Now let's dive into the details a bit more.  `where` takes 2 arguments:

1. The name of a column.  `where` finds rows where that column's values meet some criterion.
2. A predicate that describes the criterion that the column needs to meet.

The predicate in the example above called the function `are.equal_to` with the value we wanted, 'North Carolina'.  We'll see other predicates soon. 

`where` returns a table that's a copy of the original table, but **with only the rows that meet the given predicate**.

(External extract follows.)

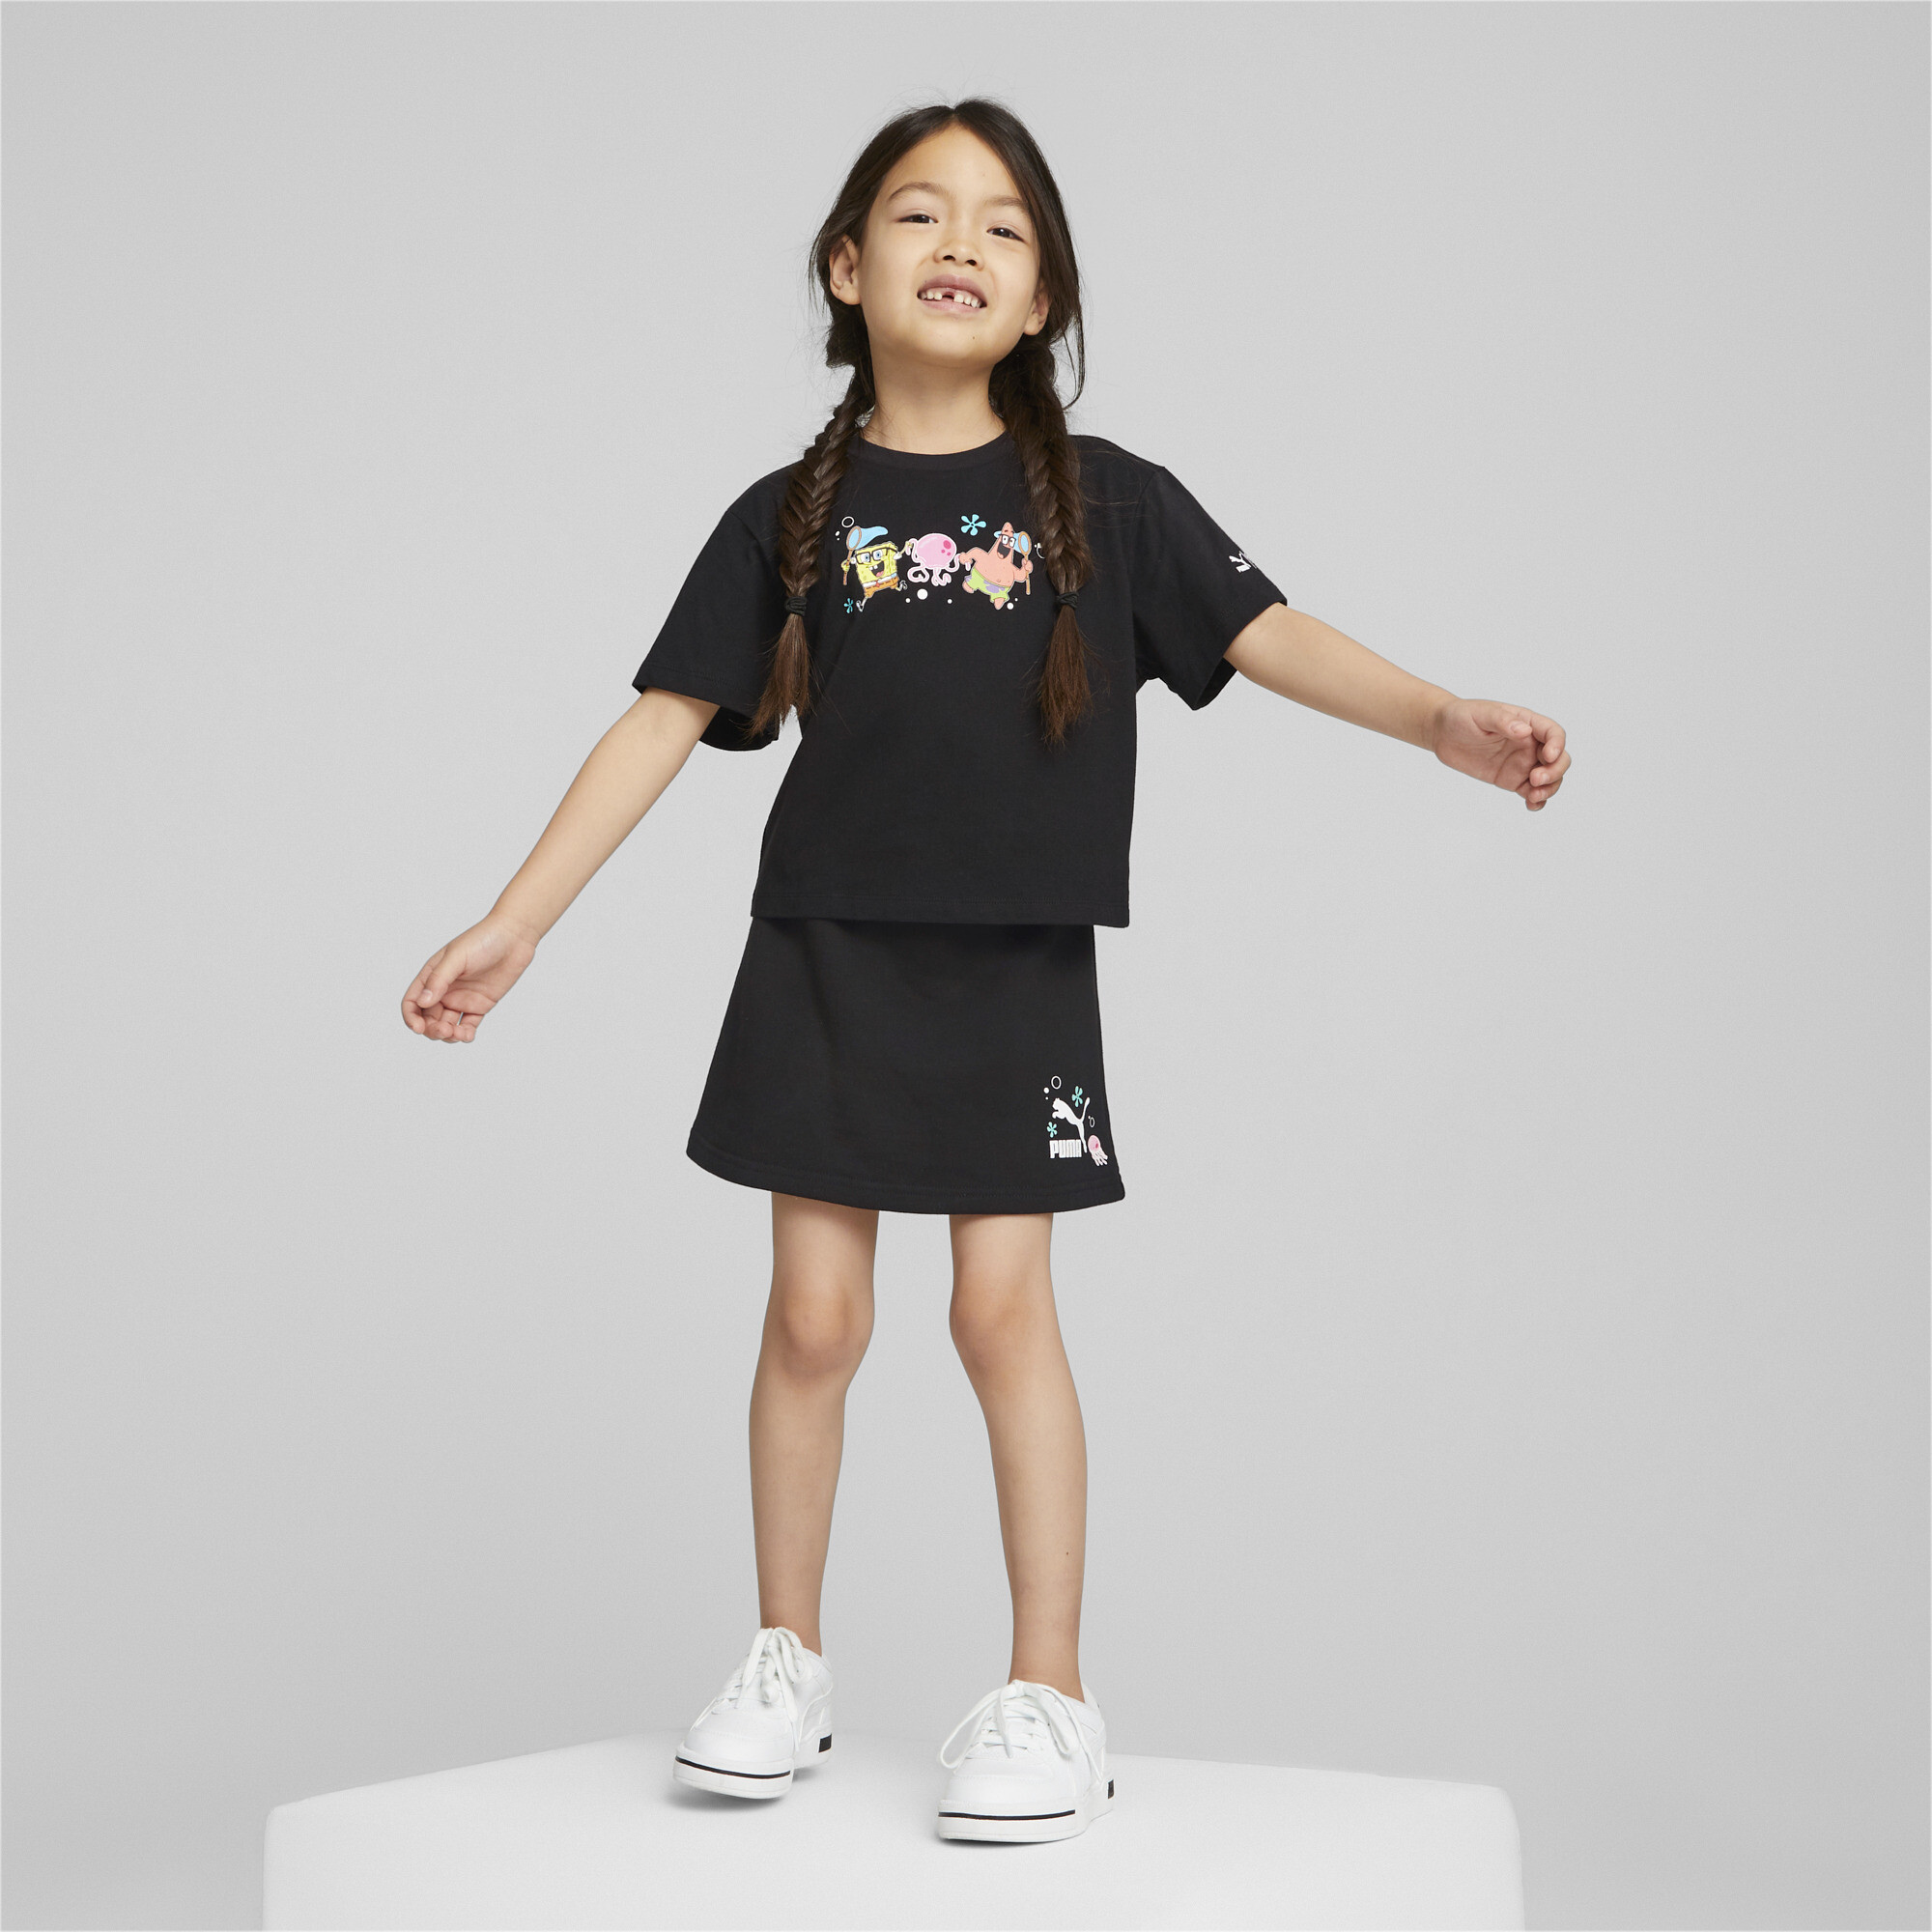 PUMA X SPONGEBOB Skirt Kids In Black, Size 11-12 Youth

**Question 2.6.** Use `nc_farmers_markets` to create a table called `oc_markets` containing farmers' markets in Orange County, North Carolina
<!--
BEGIN QUESTION
name: q36
-->

In [213]:
oc_markets = nc_farmers_markets.where('County', are.equal_to('Orange')).where('State', are.equal_to('North Carolina'))
oc_markets

MarketName,city,County,State,zip,x,y
Carrboro Farmers' Market,Carrboro,Orange,North Carolina,27510,-79.0776,35.9109
Eno River Farmers Market in Downtown Hillsborough,Hillsborough,Orange,North Carolina,27278,-79.0978,36.074
Hillsborough Farmers Market,Hillsborough,Orange,North Carolina,27278,-79.0807,36.0555
Southern Village Farmers Market,Chapel Hill,Orange,North Carolina,27517,-79.0659,35.881
The Chapel Hill Farmers' Market,Chapel Hill,Orange,North Carolina,27514,-79.0294,35.9275


Recognize any of them?

So far we've only been using `where` with the predicate that requires finding the values in a column to be *exactly* equal to a certain value. However, there are many other predicates. Here are a few:

|Predicate|Example|Result|
|-|-|-|
|`are.equal_to`|`are.equal_to(50)`|Find rows with values equal to 50|
|`are.not_equal_to`|`are.not_equal_to(50)`|Find rows with values not equal to 50|
|`are.above`|`are.above(50)`|Find rows with values above (and not equal to) 50|
|`are.above_or_equal_to`|`are.above_or_equal_to(50)`|Find rows with values above 50 or equal to 50|
|`are.below`|`are.below(50)`|Find rows with values below 50|
|`are.between`|`are.between(2, 10)`|Find rows with values above or equal to 2 and below 10|

## 3. Analyzing a dataset

Now that you're familiar with table operations, let’s answer more questions using this data!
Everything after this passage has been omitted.